» DATA PROVIDED:
....
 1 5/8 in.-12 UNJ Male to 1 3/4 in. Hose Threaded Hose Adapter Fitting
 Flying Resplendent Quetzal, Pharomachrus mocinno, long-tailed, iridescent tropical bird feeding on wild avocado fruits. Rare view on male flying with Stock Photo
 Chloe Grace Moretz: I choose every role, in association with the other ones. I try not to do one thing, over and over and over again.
....
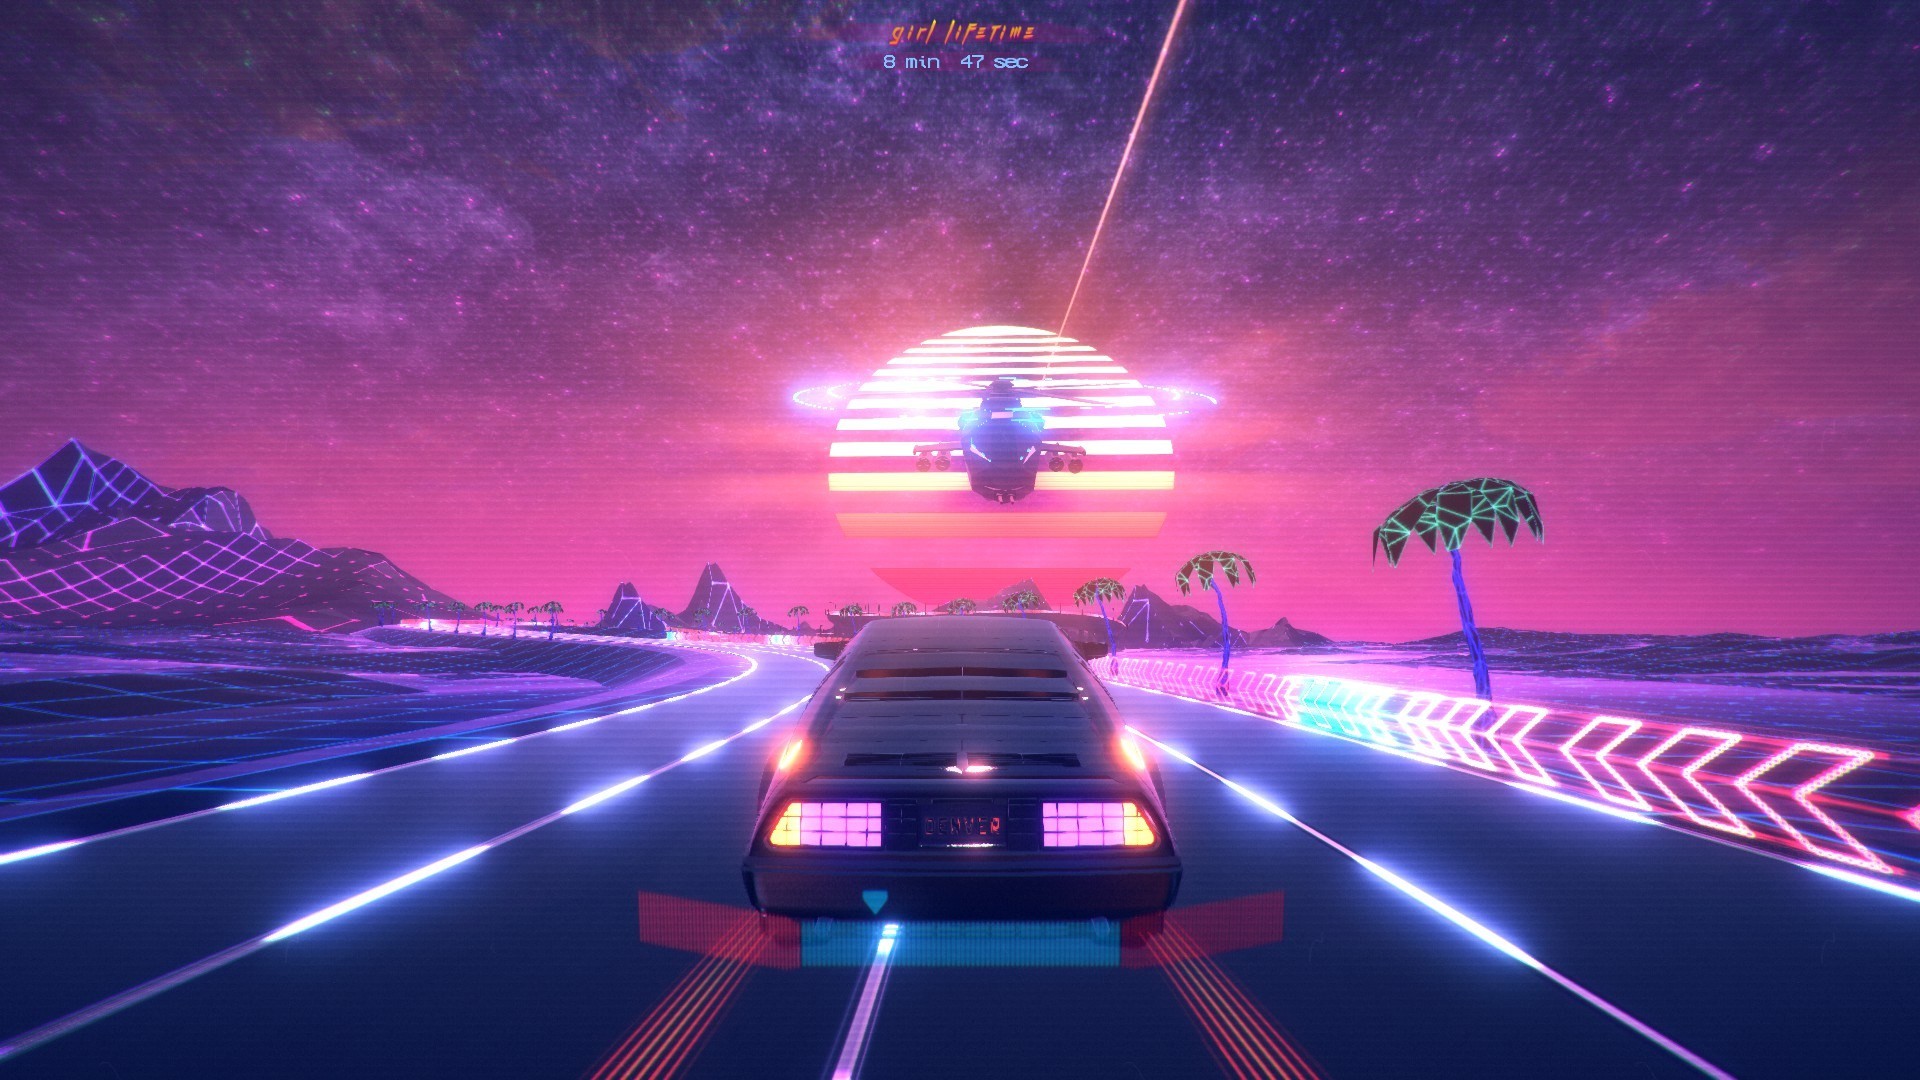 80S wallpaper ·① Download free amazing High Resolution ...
....
Taking the records above line by line, count those that hold the word "with"; the number is the entire answer.

» EXERCISE RESPONSE: 2